Répétition des leçons de l’histoire
La gauche a déjà connu des situations de crise : en 1914,
lorsque les députés socialistes ont voté les crédits de guerre ; en
1940, lorsque plus de la moitié des parlementaires socialistes
ont voté les pleins pouvoirs à Pétain ; en 1958, lorsque la SFIO
appelle à soutenir de Gaulle et la Constitution de la
Ve République ; en 1983, lorsque le gouvernement adopte le
plan néo-libéral de Delors et, en 2005, lorsque le PS appelle à
voter « oui » au libéralisme européen.
Chacune de ces descentes aux enfers s’est poursuivie jusqu’à
l’explosion sociale qui a contraint la vieille génération dirigeante
de la gauche à céder la place à une nouvelle équipe chargée
de répondre aux exigences des mobilisations sociales.
Mais les réponses n’ont pas toujours été celles qu’il fallait : la
révolution d’Octobre et la division du mouvement ouvrier, la
Libération et la politique de 3e force, Mai 68 et l’Union de la
gauche, Novembre-Décembre 95 et la Gauche plurielle. C’est
cette réponse que nous devons apporter aujourd’hui, grâce au
niveau des exigences populaires, exprimé lors des mobilisations
sociales de janvier et mars, qui sont sans équivalent historique.
Unité ou uniformité ?
Cependant, si le congrès de Reims de 2008 a montré la crise de
la génération Jospin (les quadras et quinquas qui dirigent le PS
depuis la présidentielle de 1995), il a aussi montré que sa pseudo-
cohérence politique, baignée dans le social-libéralisme
depuis 1983, la rendait incapable de s’engager dans la construction
de l’unité de la gauche autour d’un programme commun.
Pour tenter de se survivre, cette génération Jospin se saisit de
quelques bouées : « refondation », « rénovation » et surtout
« primaires ». C’est-à-dire « primaires au lieu de programme ».
Refondation, rénovation, primaires, autant de paquets-cadeaux
possibles pour faire sortir le candidat providentiel de la boîte.

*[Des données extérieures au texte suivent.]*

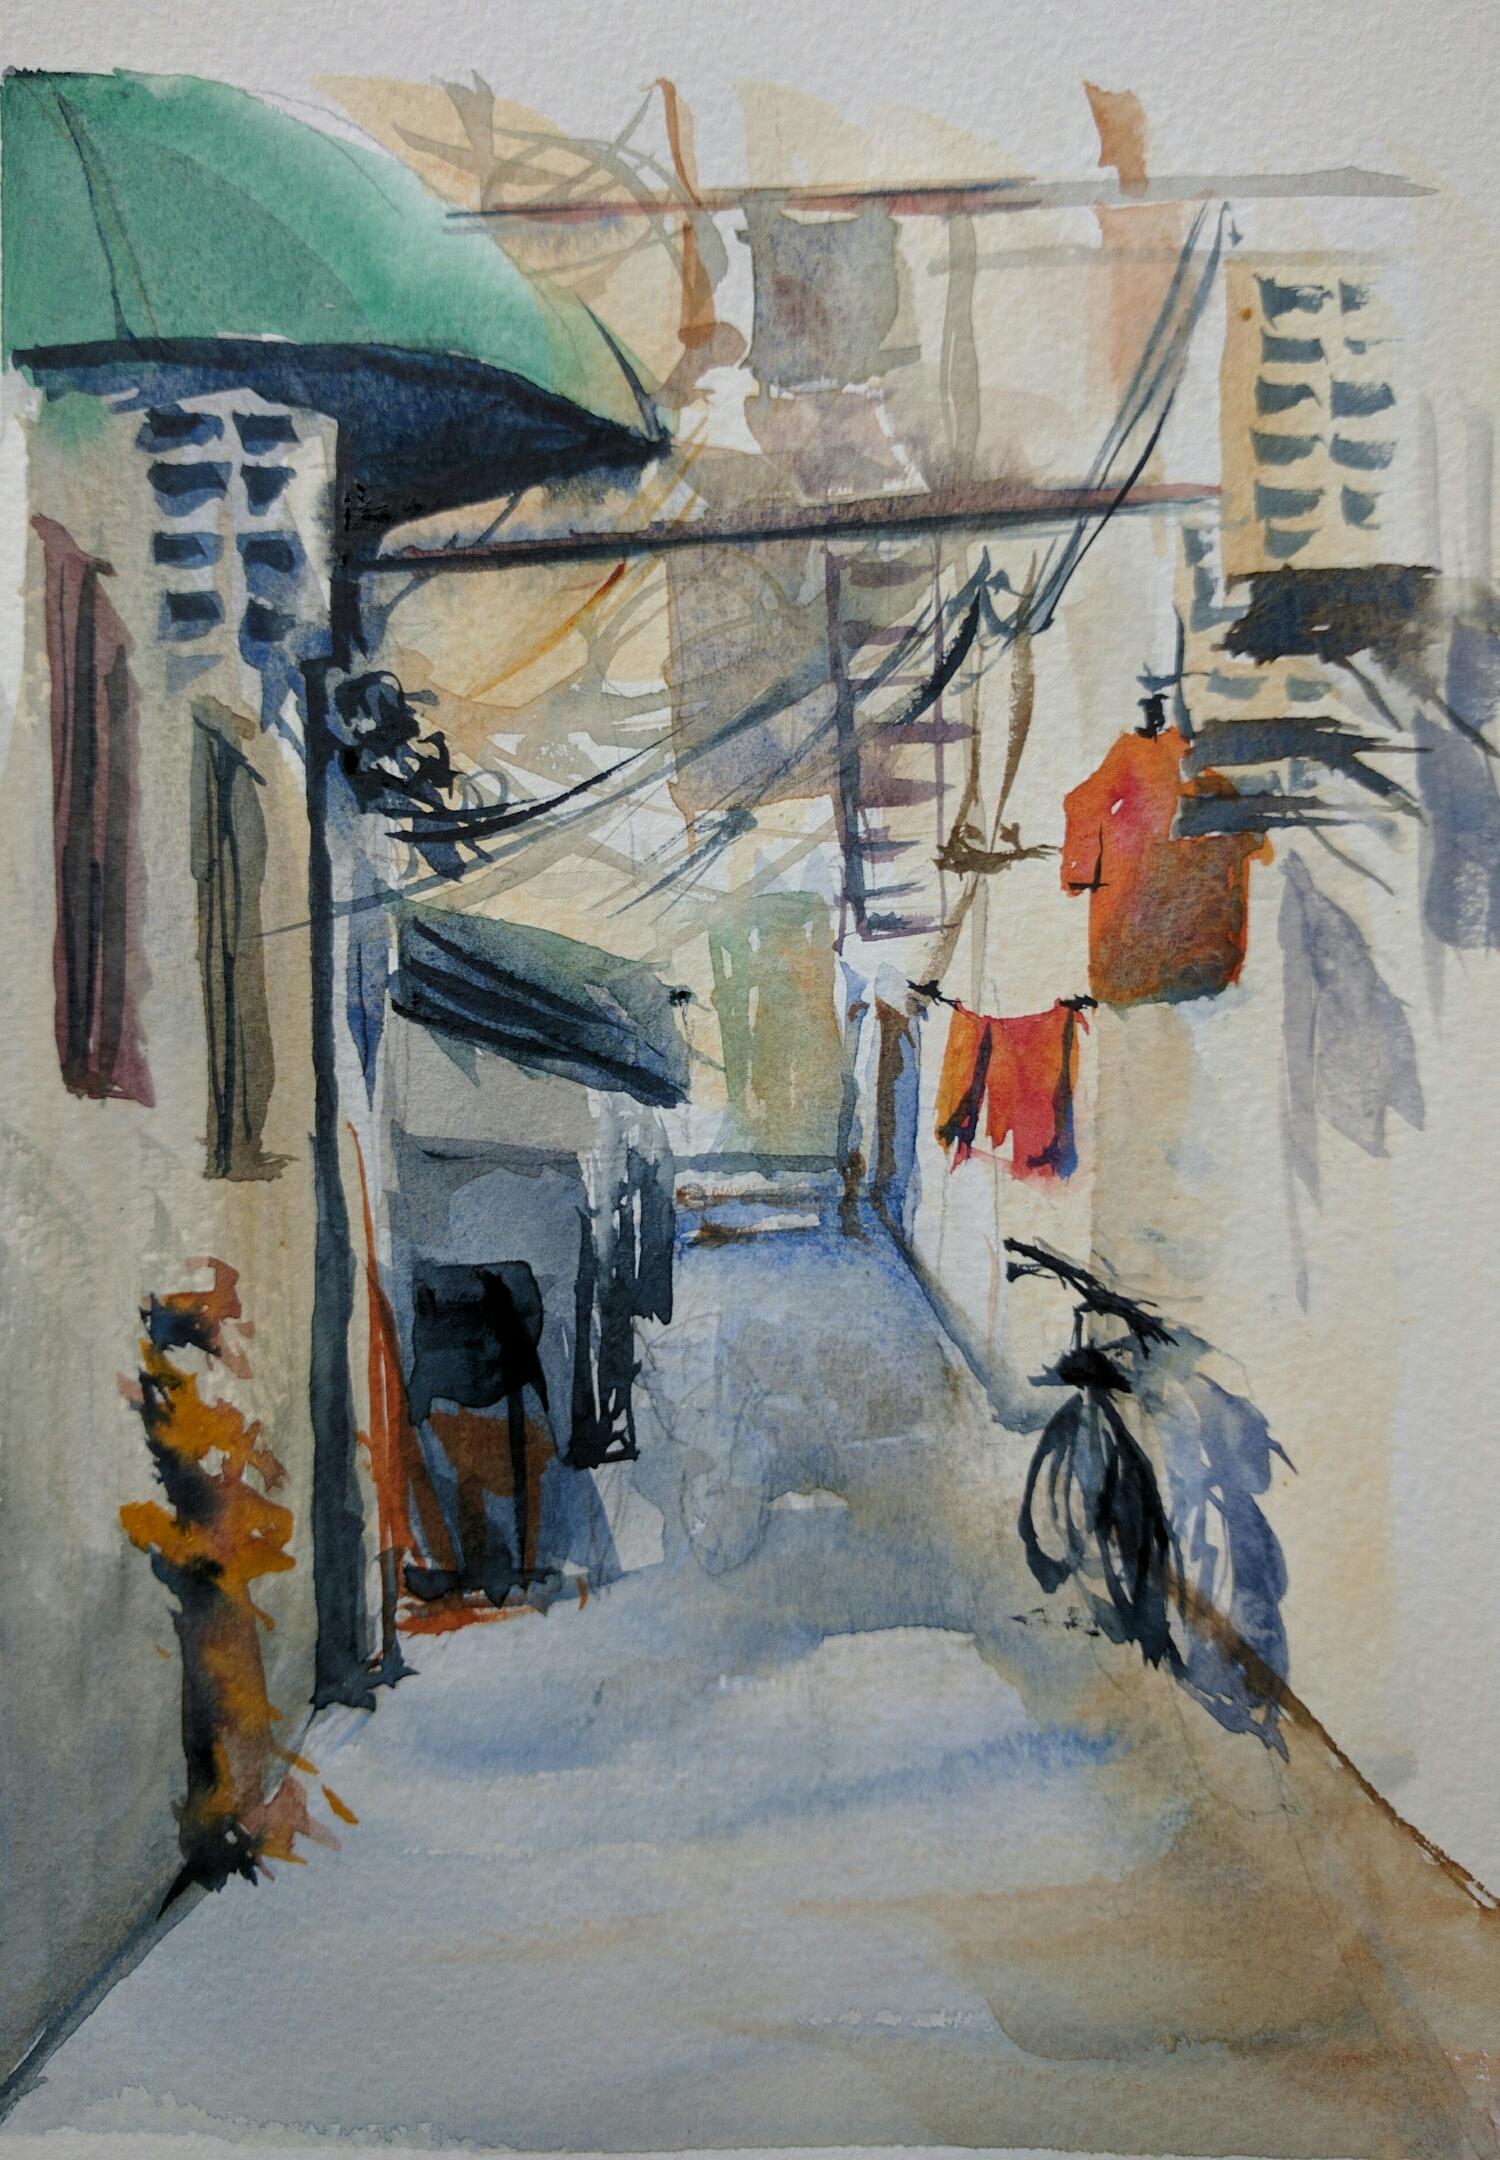 alleyway in watercolor
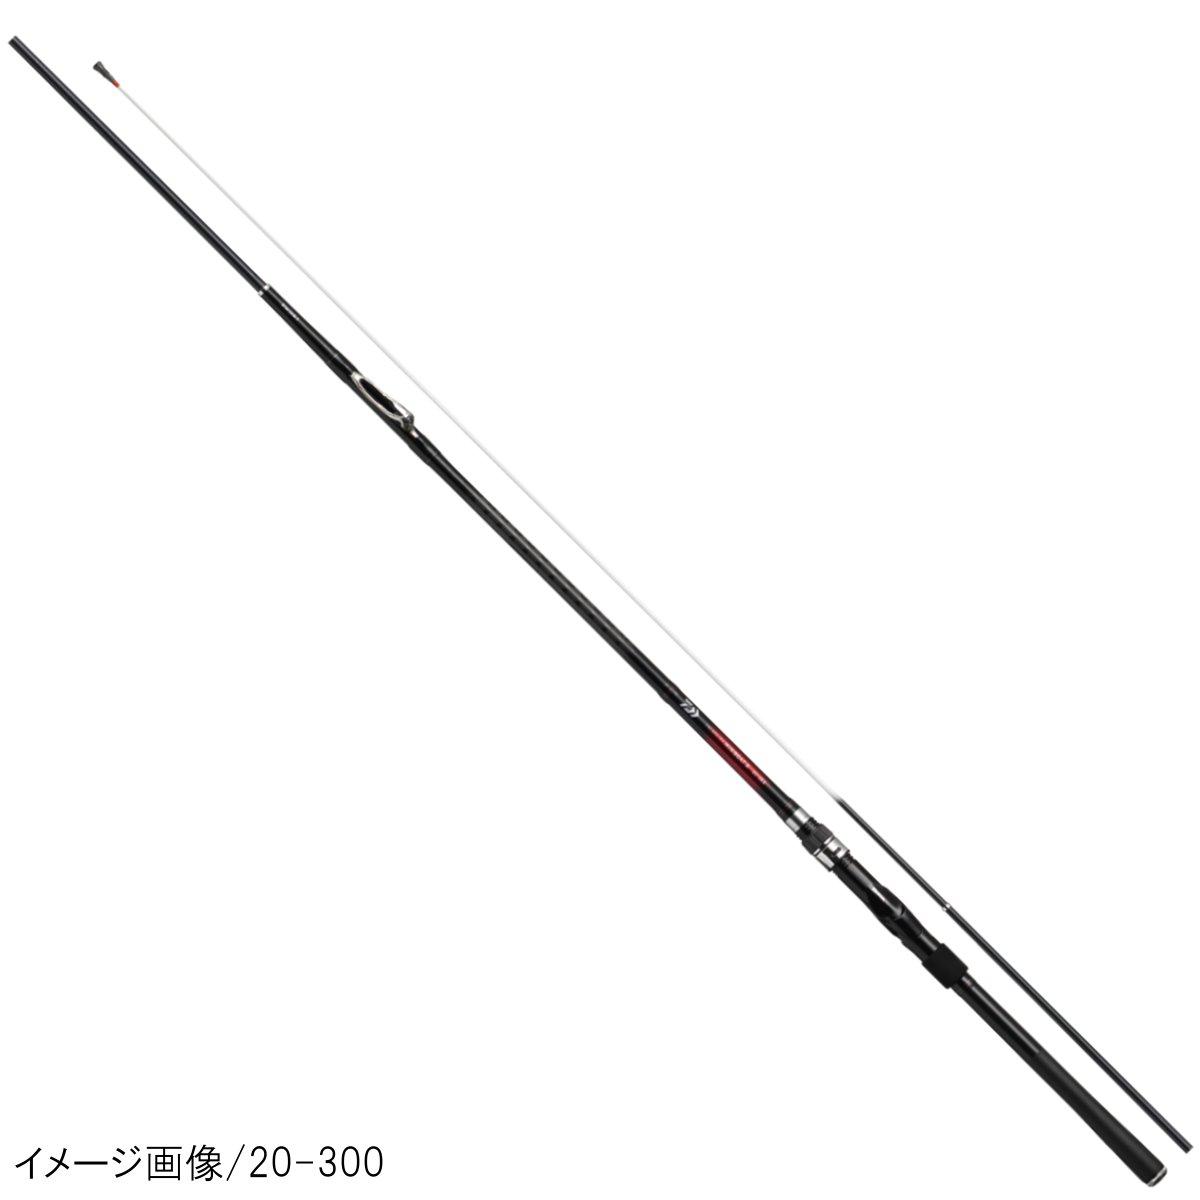 ダイワ インターライン ミニボート X 20-240【送料無料】

C’est la tactique de Sarkozy pour unifier la droite… autour d’un
candidat dont le programme est une surprise que la base découvrira
avec la campagne. C’est dessaisir ses partisans des choix
programmatiques et se couler dans le moule bonapartiste de la
Ve République : un général et ses troupes.
Si la gauche utilisait cette méthode, elle choisirait l’uniforme et
non l’unité. Elle se rendrait prisonnière des médias comme cela
s’est passé pour la candidature de Ségolène Royal : portée au
pinacle avant sa désignation, descendue en flammes par la suite
et faisant campagne du 19 novembre au 11 février sans programme.
Trois mois au cours desquels son score passe de 54 %
à 47 %.
Démocratie ou bonapartisme ?
Le ralliement à un candidat, auquel on donne carte blanche, ne
doit pas être le choix de la gauche, pas davantage que le ralliement
à un de ses partis. La démocratie c’est le débat sur le programme
qui permet de souder tous les militants autour du
programme approuvé par référendum auprès des adhérents des
partis.
Souvenons-nous de la participation au débat sur le TCE en
2005. C’était un signe de politisation et une promesse de mobilisation.
C’est ce qu’il faut réaliser pour le programme de la
gauche. Après quoi, le choix de la candidature sera celui d’un
porte-parole national entouré de 577 candidatures qui seront
autant de porte-parole dans chacune des 577 circonscriptions.